Engineering a New Weapon Against Cancer
With the identification of both the cancer antigens and the corresponding immune receptors, the researchers moved to the next stage: creating a functional immunotherapy. They programmed laboratory-derived T-cells to express these identified immune receptors. These specially engineered T-cells were then deployed against glioma cells in controlled laboratory environments. The results were striking: the engineered T-cells proved devastatingly effective, rapidly identifying and eliminating the glioma cells.
Broader Implications and Future Directions
The implications of this research extend far beyond brain cancer. The discovery that alternative RNA splicing generates a shared set of novel antigens across multiple cancer types suggests a potential for developing immunotherapies that could be effective against a wide range of malignancies. The UCSF team is now actively progressing this research by testing their approach in animal models of cancer, with the ultimate goal of rapidly translating these promising findings to clinical trials in human patients, should the preclinical studies prove successful.
Beyond the initial four validated antigens, the study identified a substantial list of 28 additional promising candidates that warrant further investigation. Moreover, the vast dataset generated by the researchers holds the potential for uncovering countless other cancer-specific antigens derived from alternative splicing events.
The precise biological reasons why so many different cancers consistently produce the same handful of aberrant proteins remain a subject of ongoing investigation. It is possible that these jumbled proteins are an incidental byproduct of the complex processes that drive cancer development. Regardless of the underlying cause, this discovery represents a significant new front in the ongoing battle against cancer.

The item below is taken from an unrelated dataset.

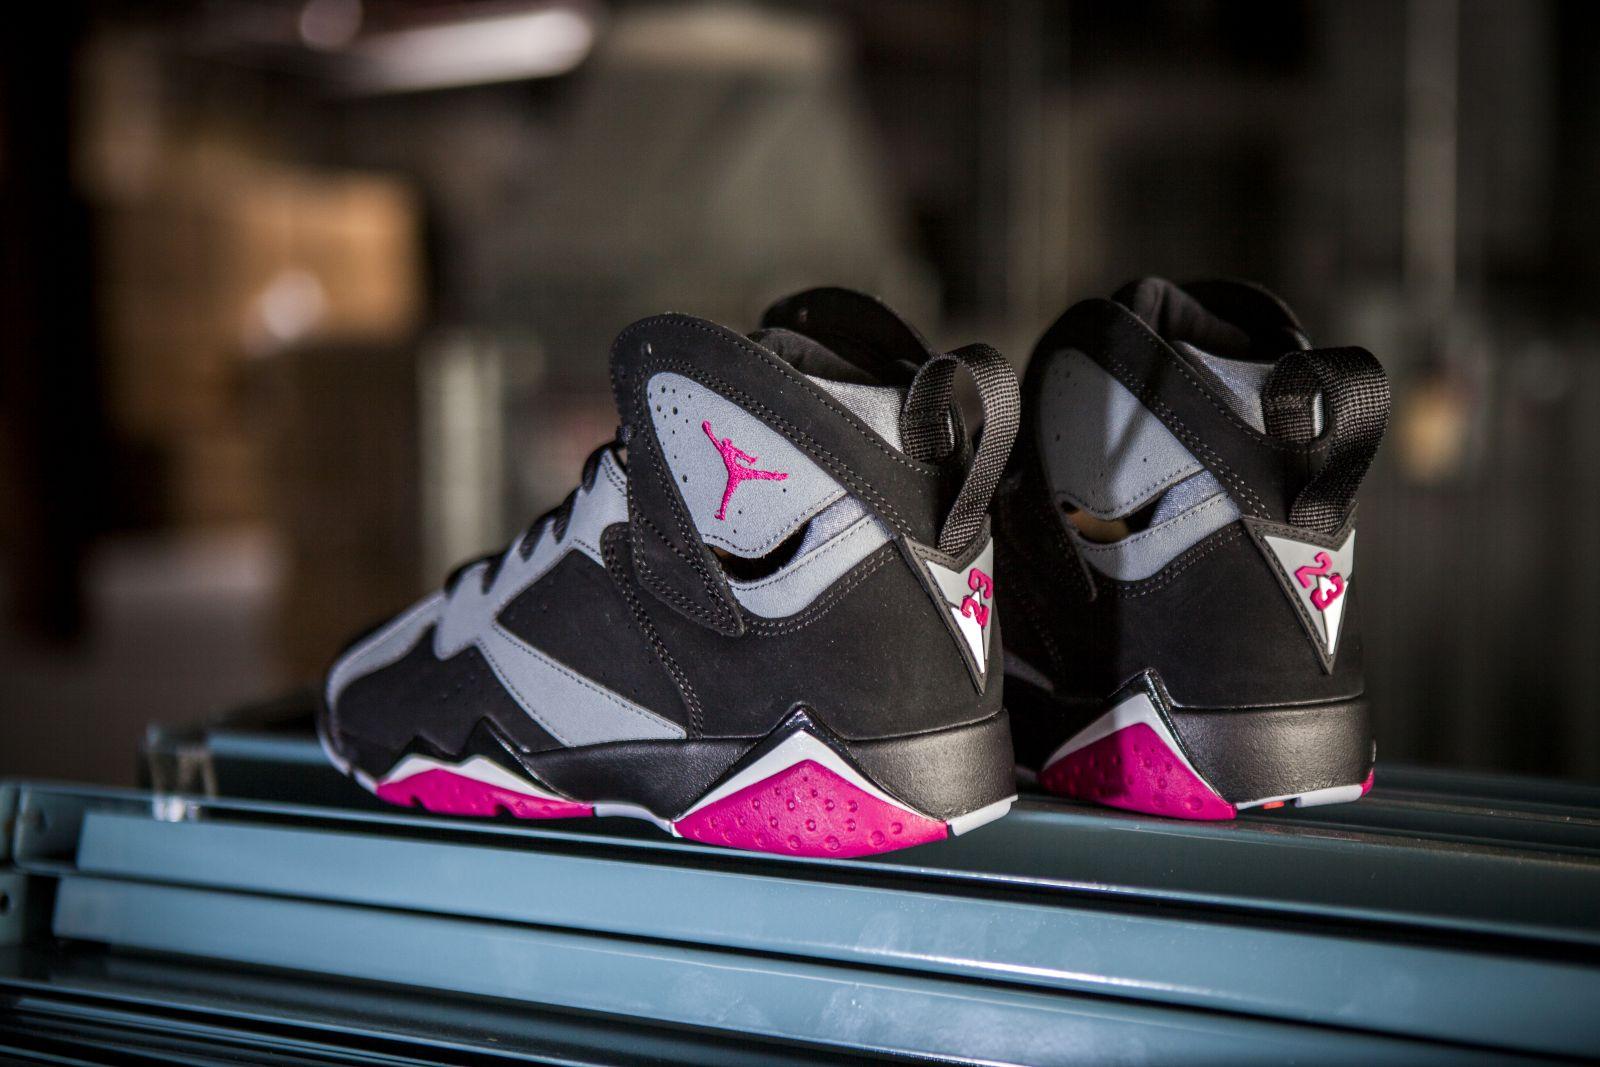 6efd72b9aa33a0 Air Jordan 7 GG Release Date  08 08 15. Color  Black Sport Fuchsia-Cool  Grey-Wolf Grey Style    442960-008. Price   140

"This advancement for cancer patients is the embodiment of collaborative innovation at UCSF, spanning from sophisticated computational modeling and cutting-edge laboratory validation to novel techniques in neurosurgery," emphasized Dr. Okada. "This is precisely the kind of breakthrough needed to tackle the most tenacious cancer cases and bring much-needed relief to our patients."
The research was supported by grants from the National Institutes of Health (NIH), including grants from the National Cancer Institute. The study’s publication in Nature underscores its significance and impact on the global scientific community. This discovery marks a pivotal moment in the pursuit of more effective and broadly applicable cancer immunotherapies, offering a renewed sense of optimism for patients facing the most challenging diagnoses.